New files (optional but recommended):
- src/utils/ansi.ts // stripAnsi(text: string): string
- src/utils/mutex.ts // simple per-key async mutex/queue
- src/services/logPaths.ts // centralizes log directory per socket/session
Tests to add:
- test/e2e/tabs.test.ts
- test/e2e/logging-read-logs.test.ts
- test/e2e/execute-bounded.test.ts
- test/e2e/processes-start-stop.test.ts
- test/e2e/streaming-offsets.test.ts (optional)
- test/unit/ansi-strip.test.ts
- test/unit/mutex-serialize.test.ts
---
## 13) TDD: Test File Skeletons and Criteria
test/e2e/tabs.test.ts
- creates tabs with names (including spaces), lists tabs, validates active flags.
test/e2e/logging-read-logs.test.ts
- starts a noisy process, reads last N lines with/without strip_ansi, checks truncated flag, verifies durability across restart.
test/e2e/execute-bounded.test.ts
- runs quick commands, validates START/END slicing, exit codes, timeout behavior (C-c), and serialization on same pane.
test/e2e/processes-start-stop.test.ts
- validates immediate return of start_process, growth of log file, graceful stop via C-c, restart sequences.
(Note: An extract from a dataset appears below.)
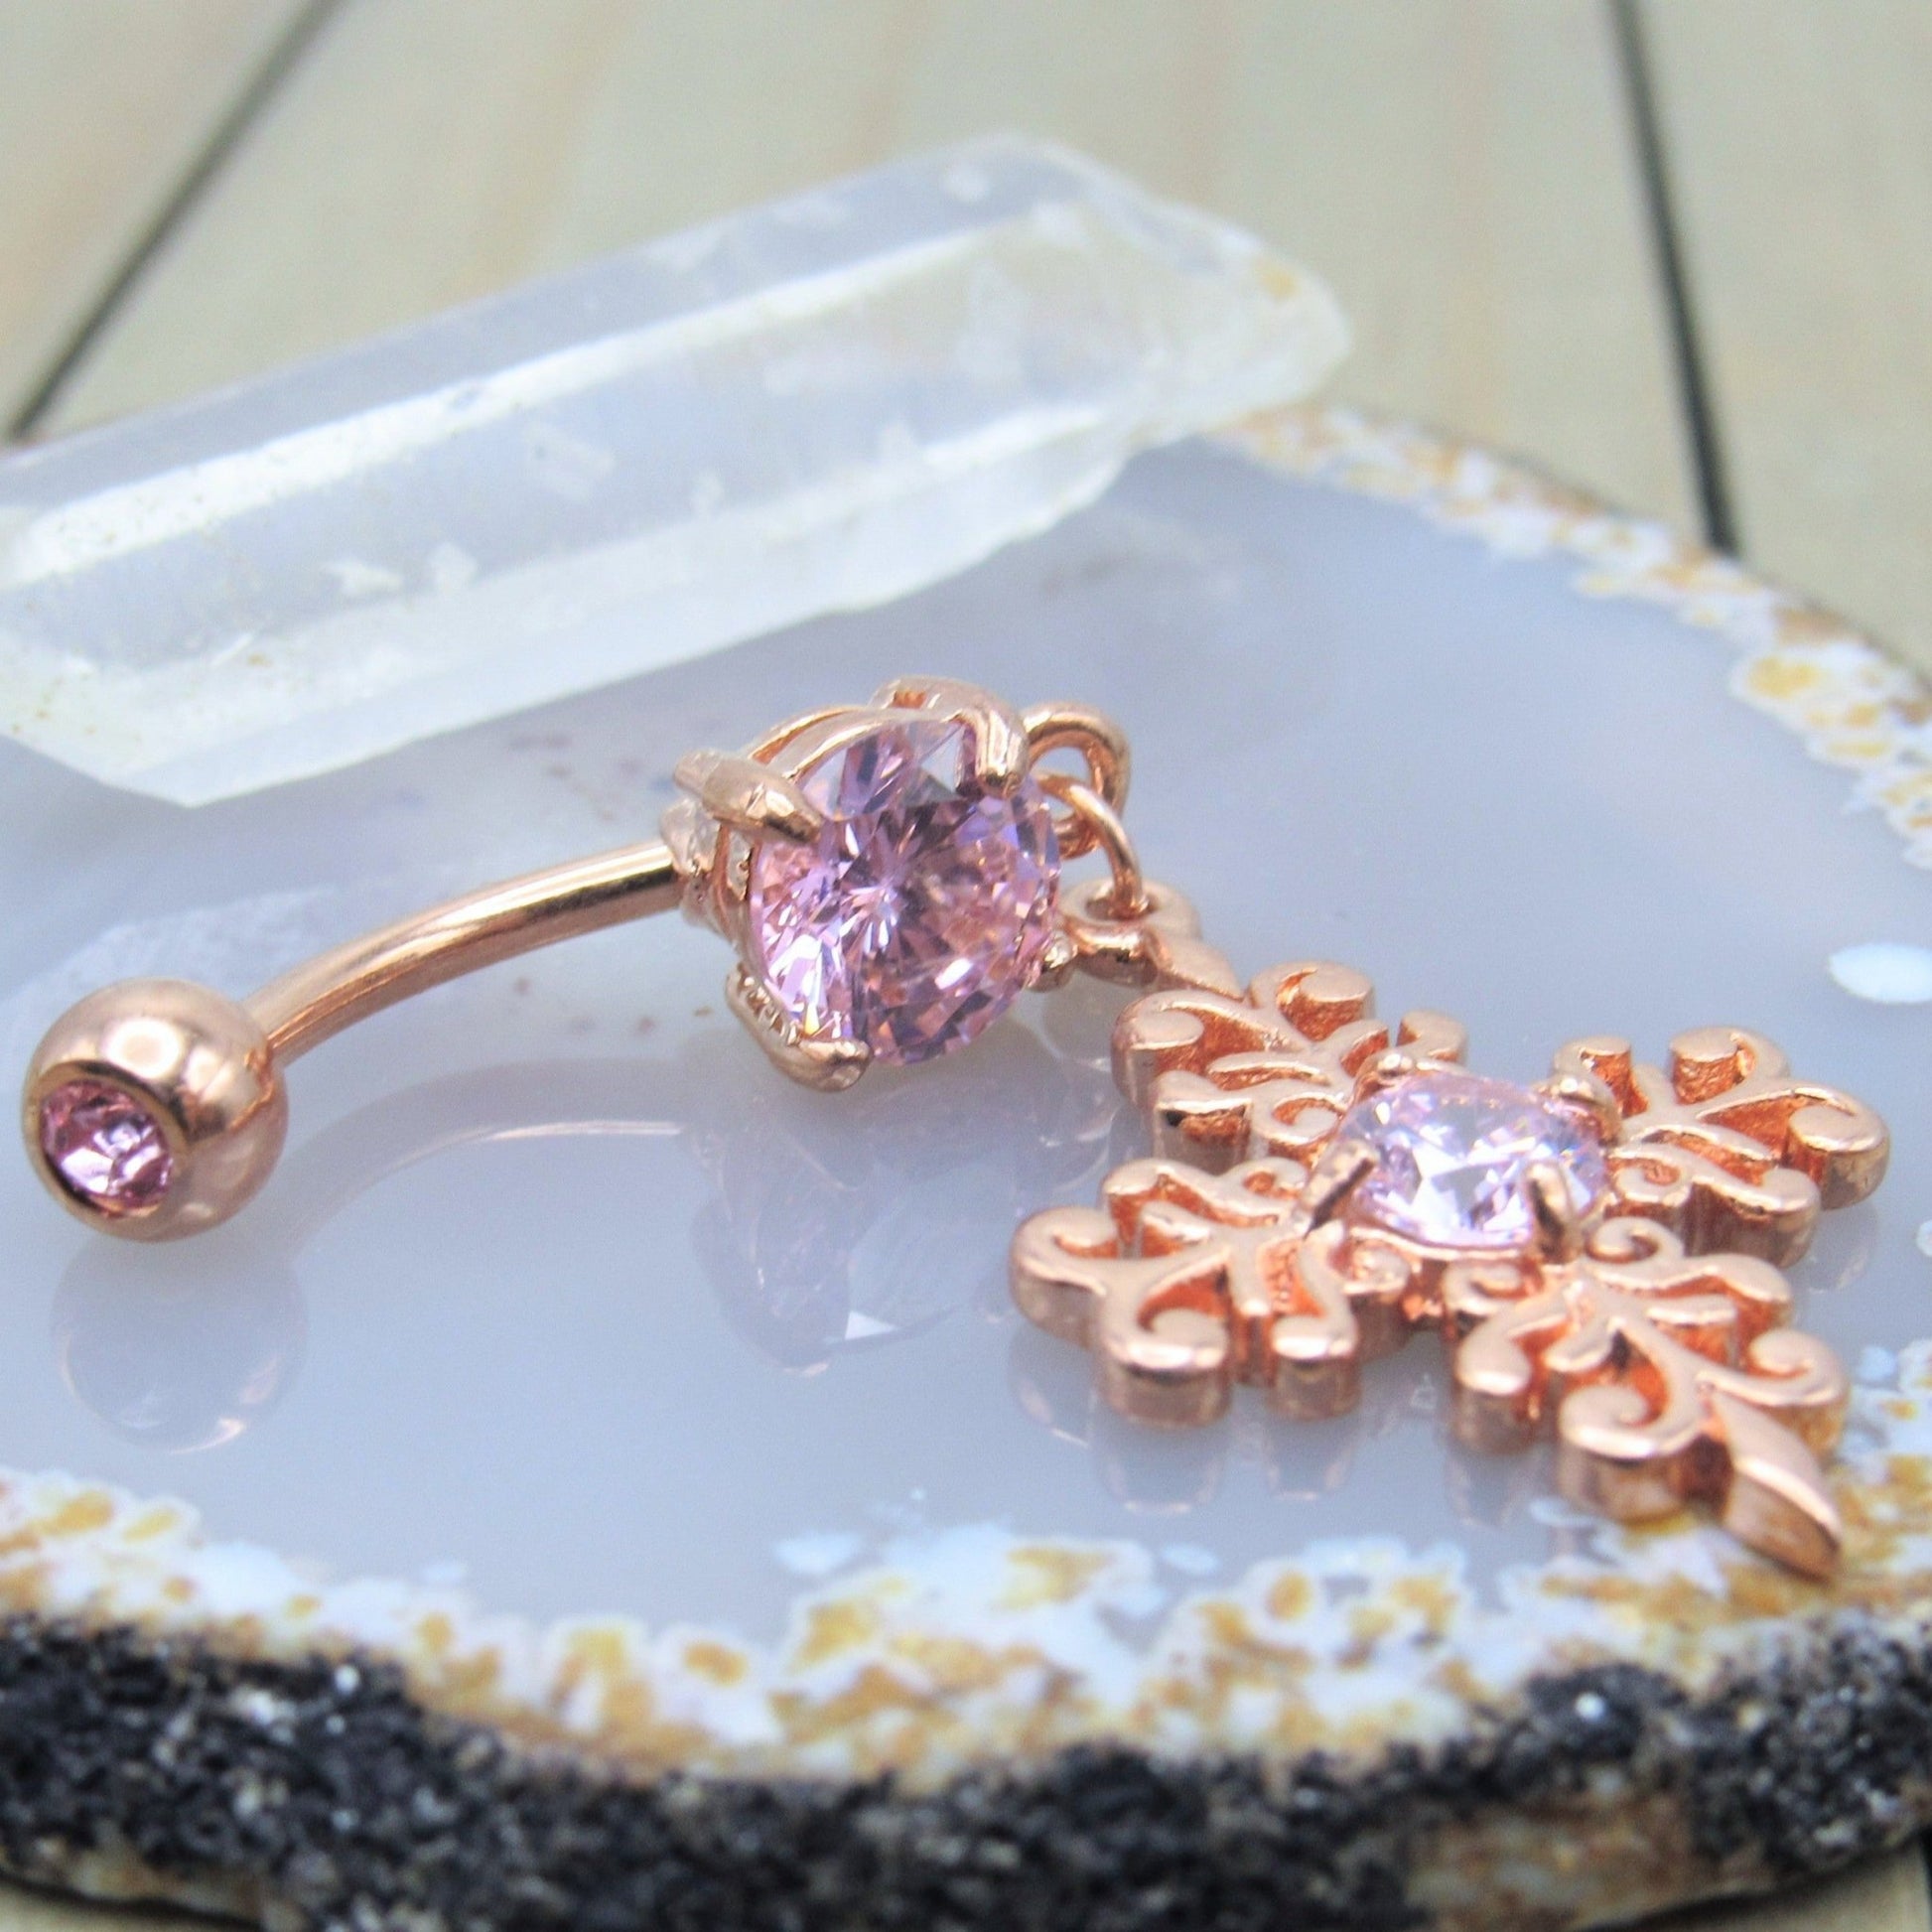 Rose Gold Cross Gemstone Belly Button Piercing Ring 14g 7/16 Pink Gems

test/e2e/streaming-offsets.test.ts (optional)
- validates from_byte/next_byte across restarts, backward seeking, large chunk handling.
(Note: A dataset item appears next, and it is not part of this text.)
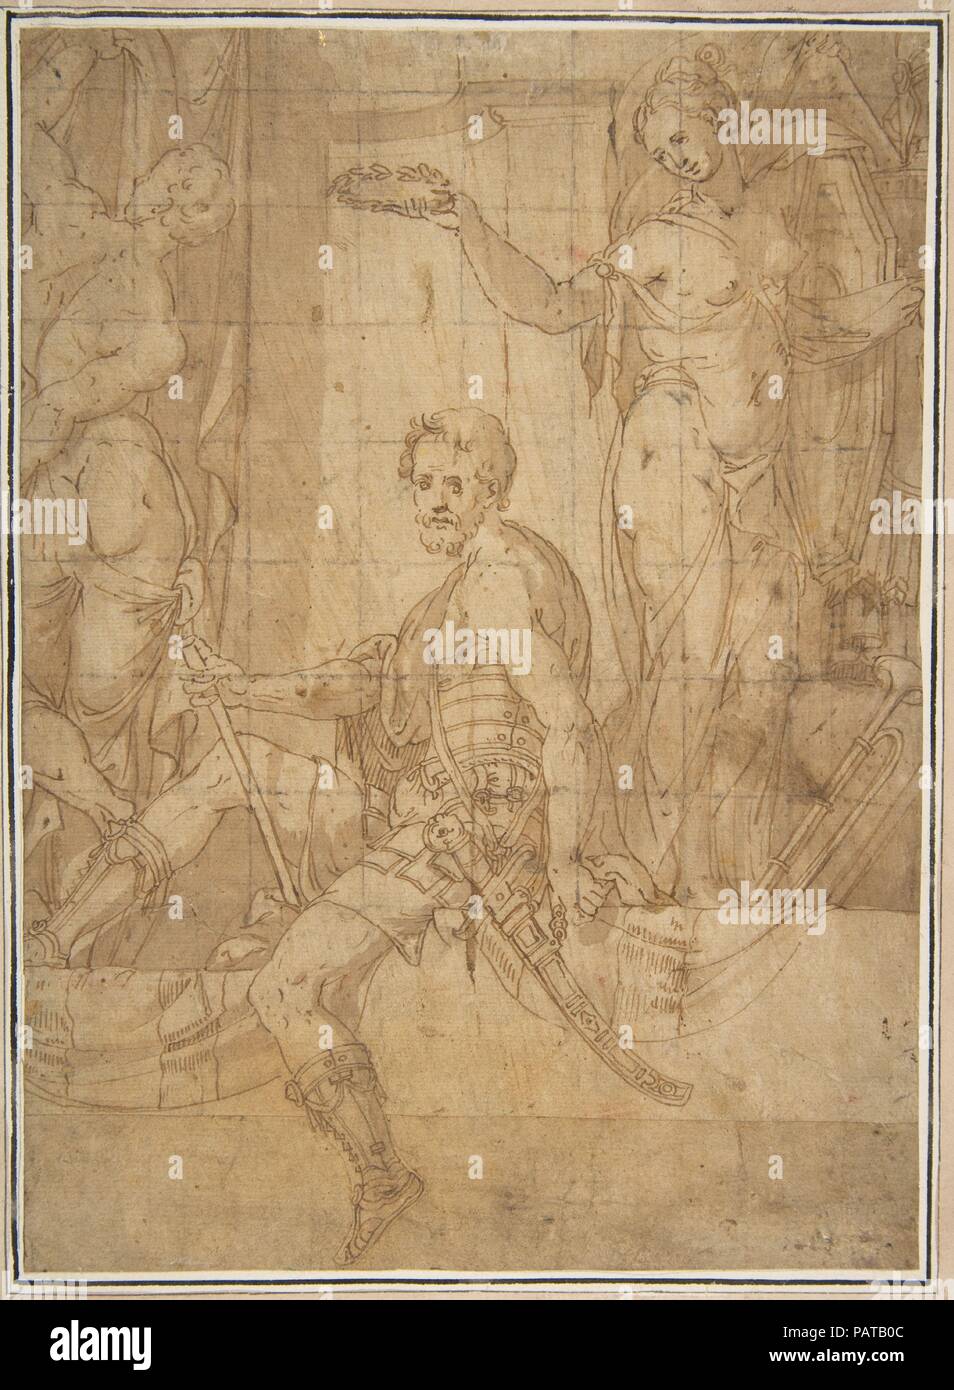 Seated Warrior Between Two Figures. Artist: Giambattista Zelotti (Italian, Verona 1526-1578 Mantua) (?). Dimensions: 9 9/16 x 6 7/8 in. (24.3 x 17.5 cm). Date: 1526-78. Museum: Metropolitan Museum of Art, New York, USA. Stock Photo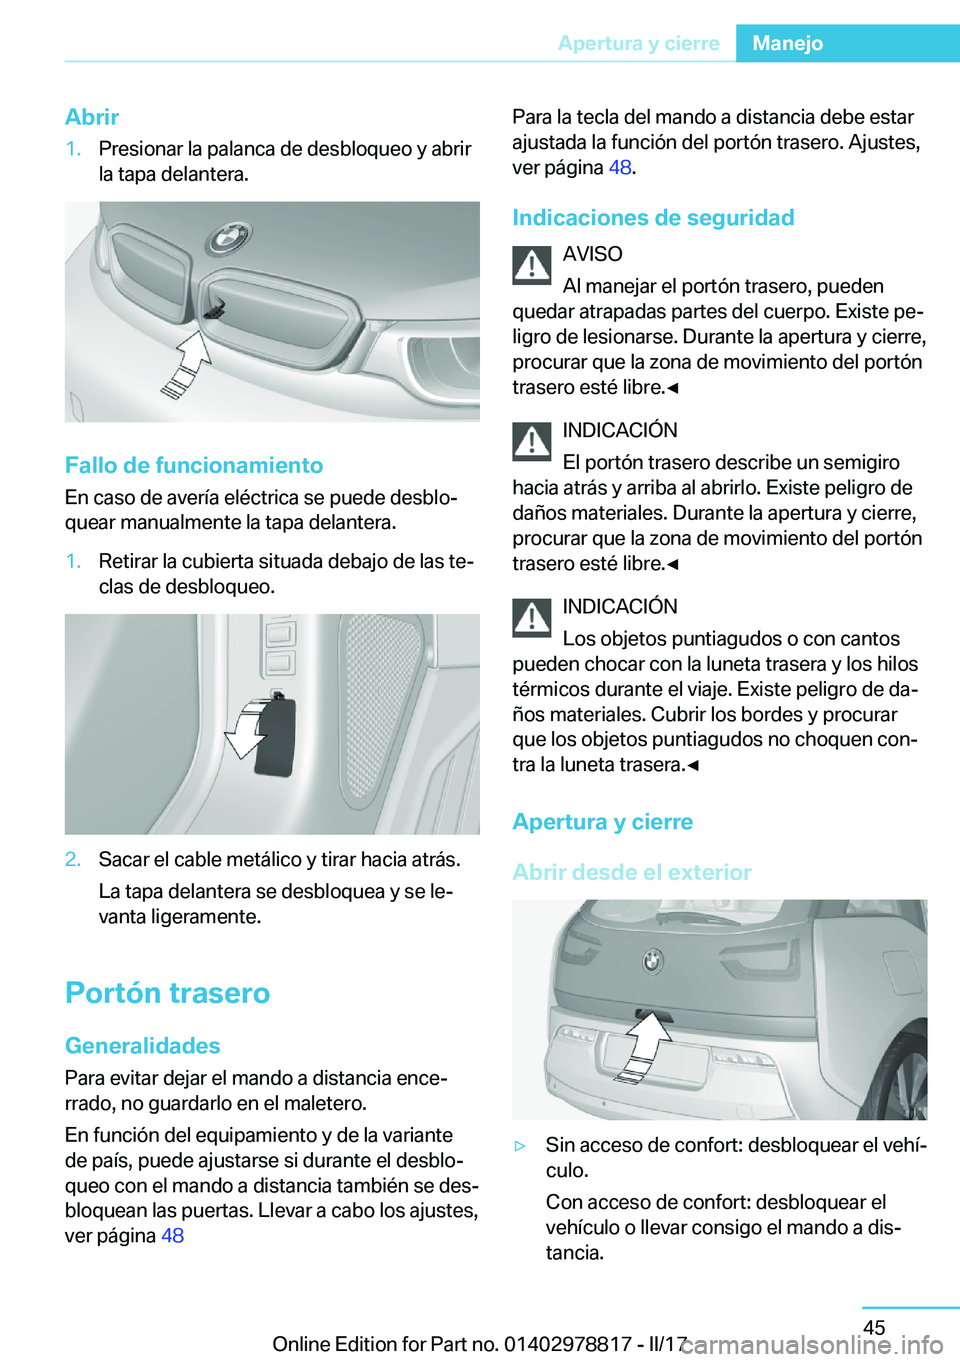 BMW I3 2017  Manuales de Empleo (in Spanish) �A�b�r�i�r�1�.�P�r�e�s�i�o�n�a�r� �l�a� �p�a�l�a�n�c�a� �d�e� �d�e�s�b�l�o�q�u�e�o� �y� �a�b�r�i�r�l�a� �t�a�p�a� �d�e�l�a�n�t�e�r�a�.
�F�a�l�l�o��d�e��f�u�n�c�i�o�n�a�m�i�e�n�t�o
�E�n� �c�a�s�o� �d

test/unit/ansi-strip.test.ts
- verifies stripping rules across common ANSI sequences.
test/unit/mutex-serialize.test.ts
- verifies per-pane queuing prevents interleaving.
---
## 14) Deep Explanations (Reference)
- Control Mode vs pipe-pane (pros/cons, durability) and guarantees discussion were finalized earlier.
- Agents consume read_logs_from_tab (line-count), streaming is primarily human-focused but supported.
---
## 15) Next Steps
- Proceed with TDD: author Phase 1 tests first, then implement code to satisfy them.
- When ready to implement, toggle to Act mode. We will:
- Update tmuxManager, tool definitions/handlers, and server wiring.
- Implement per-phase features strictly following the checklists above.
- Land tests and ensure CI passes after each phase.